GOAL OF THE EXERCISE
Check every line of the material for the word "from". Copy those that have it.

(EXERCISE DATA Opens)

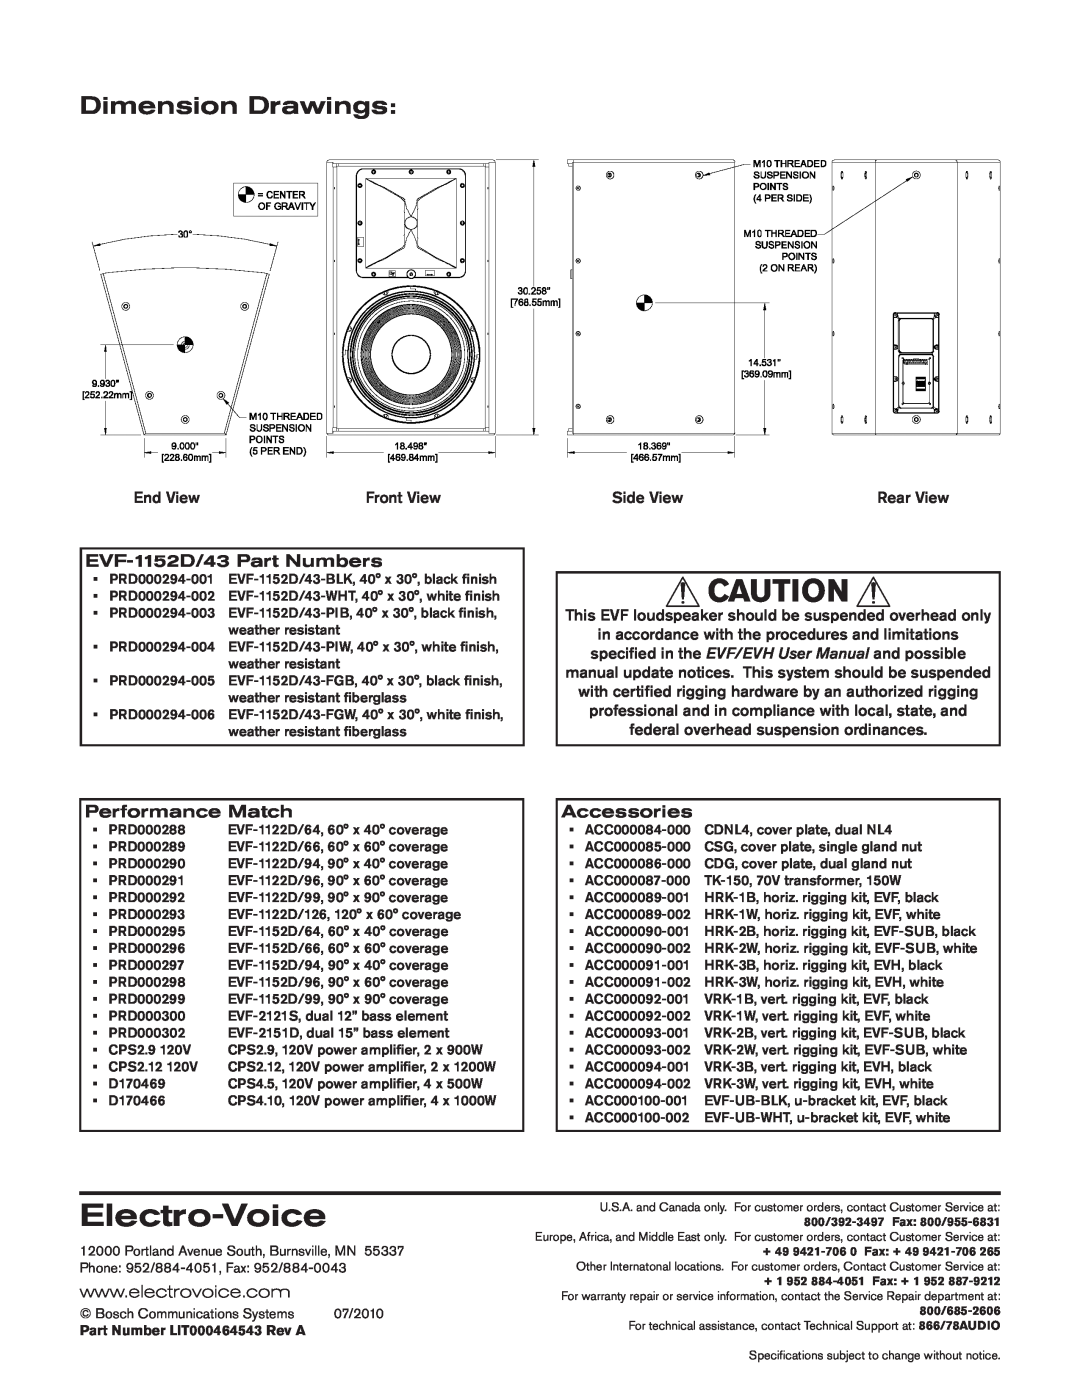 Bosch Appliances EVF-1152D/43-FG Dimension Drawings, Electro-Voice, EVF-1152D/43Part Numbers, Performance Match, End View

(EXERCISE DATA Closes)
(EXERCISE DATA Opens)

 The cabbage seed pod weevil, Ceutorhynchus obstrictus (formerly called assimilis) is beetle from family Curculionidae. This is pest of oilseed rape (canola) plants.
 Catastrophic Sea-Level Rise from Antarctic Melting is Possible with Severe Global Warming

(EXERCISE DATA Closes)
(EXERCISE DATA Opens)

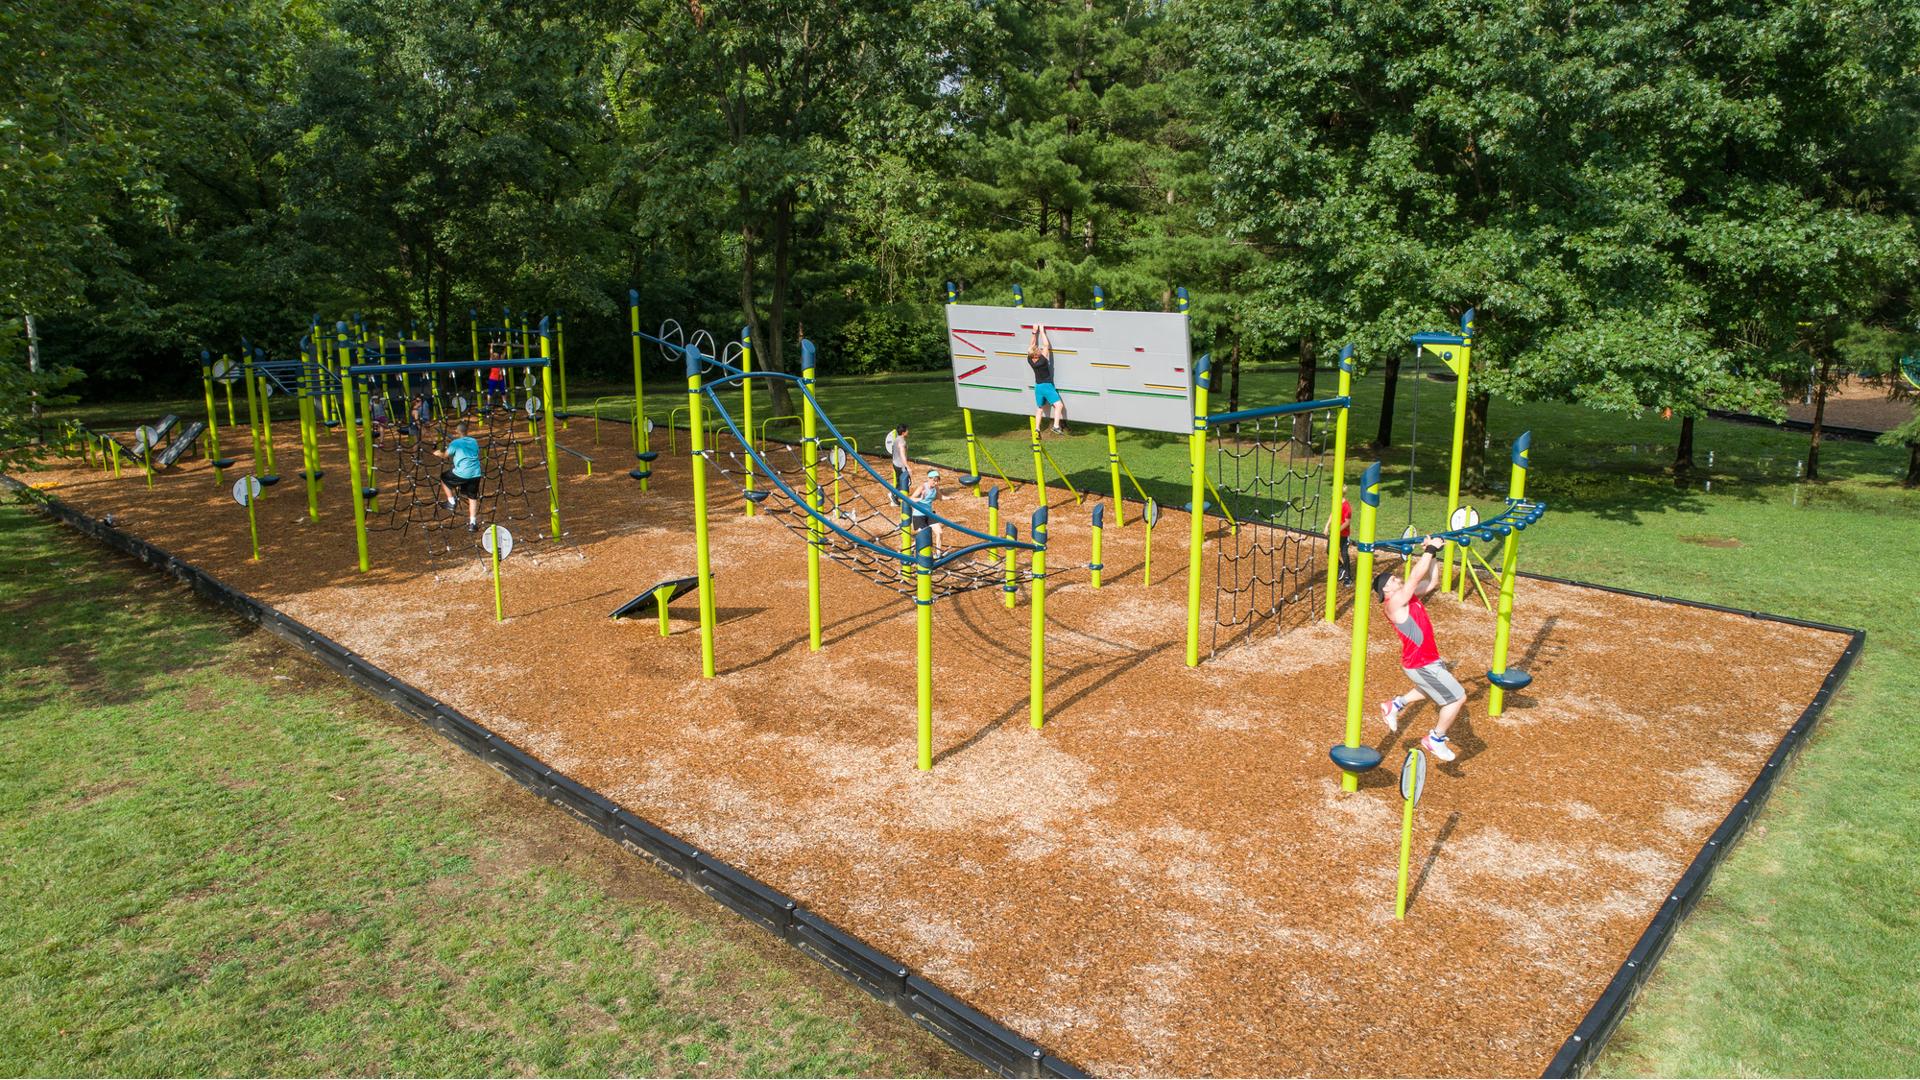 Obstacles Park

(EXERCISE DATA Closes)

RESULT OF THE EXERCISE
 The cabbage seed pod weevil, Ceutorhynchus obstrictus (formerly called assimilis) is beetle from family Curculionidae. This is pest of oilseed rape (canola) plants.
 Catastrophic Sea-Level Rise from Antarctic Melting is Possible with Severe Global Warming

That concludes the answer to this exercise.